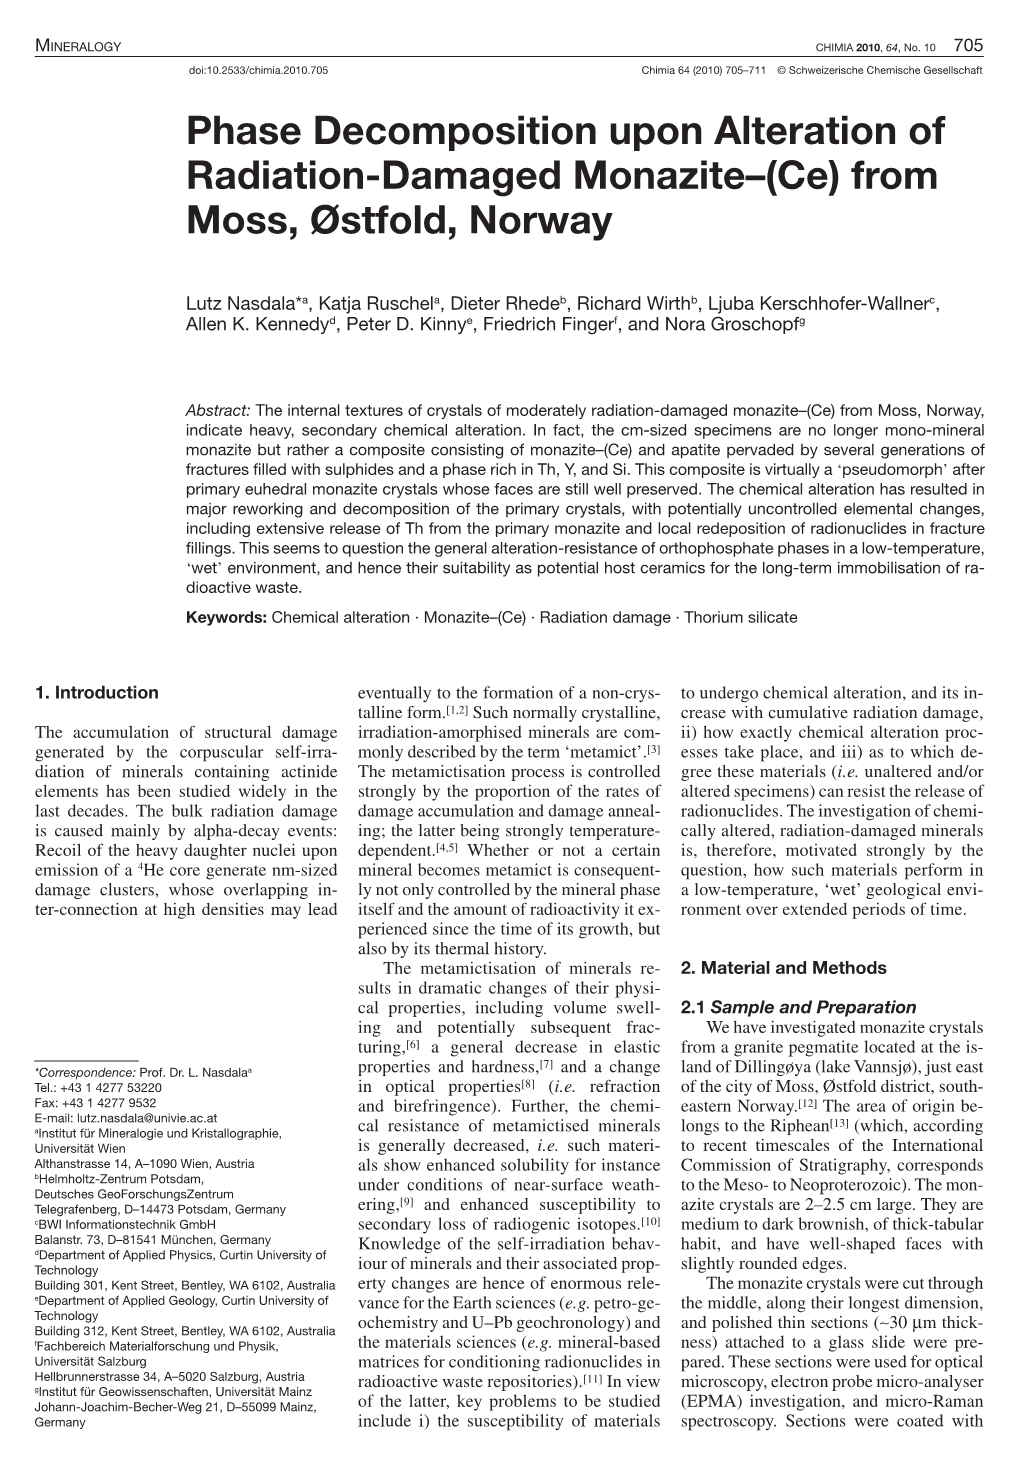 Phase Decomposition Upon Alteration of Radiation-Damaged Monazite–(Ce) from Moss, Østfold, Norway
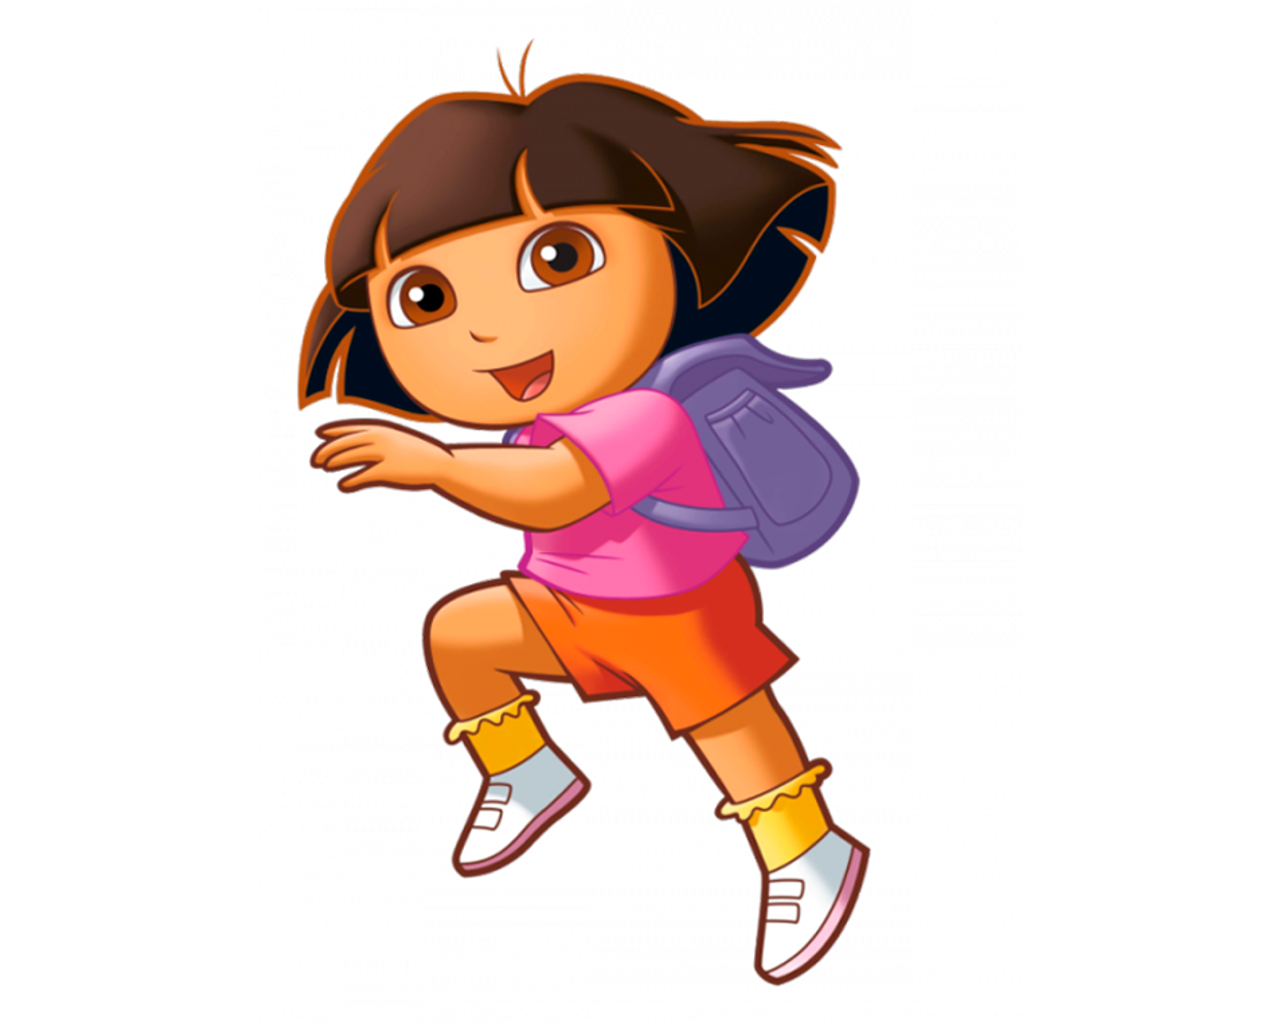 Download PNG image - Female Cartoon Character PNG Image 
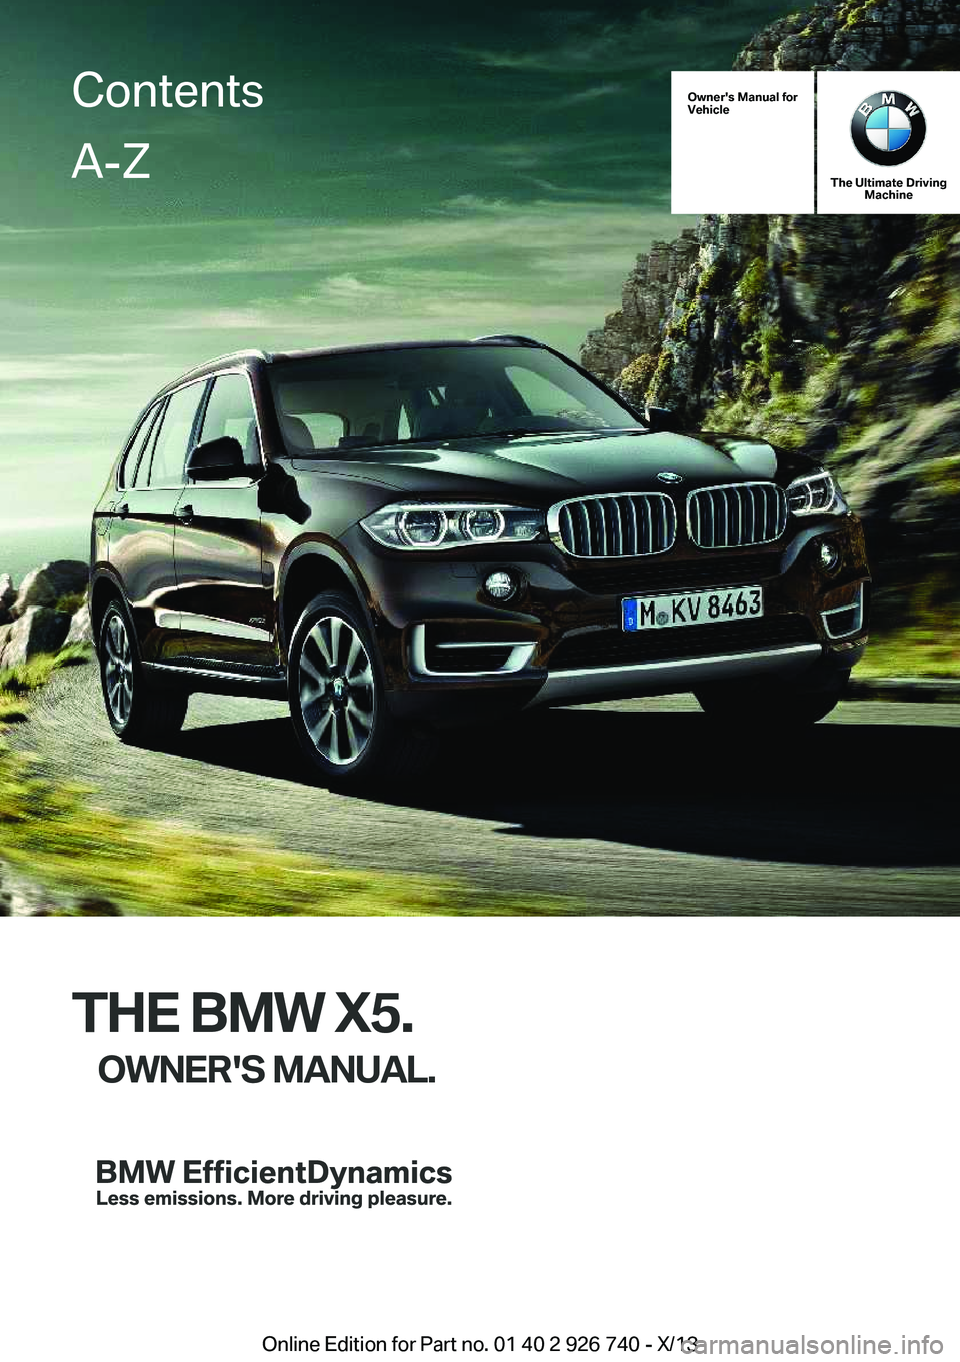 BMW X5 XDRIVE 50I 2014  Owners Manual Owner's Manual for
Vehicle
The Ultimate Driving Machine
THE BMW X5.
OWNER'S MANUAL.
ContentsA-Z
Online Edition for Part no. 01 40 2 926 740 - X/13

● Task statement: All of the material must be given again exactly, though no picture may appear in the copy.

● Answer for this exercise:
 Phase Decomposition Upon Alteration of Radiation-Damaged Monazite–(Ce) from Moss, Østfold, Norway
 Download PNG image - Female Cartoon Character PNG Image 
 BMW X5 XDRIVE 50I 2014  Owners Manual Owner's Manual for
Vehicle
The Ultimate Driving Machine
THE BMW X5.
OWNER'S MANUAL.
ContentsA-Z
Online Edition for Part no. 01 40 2 926 740 - X/13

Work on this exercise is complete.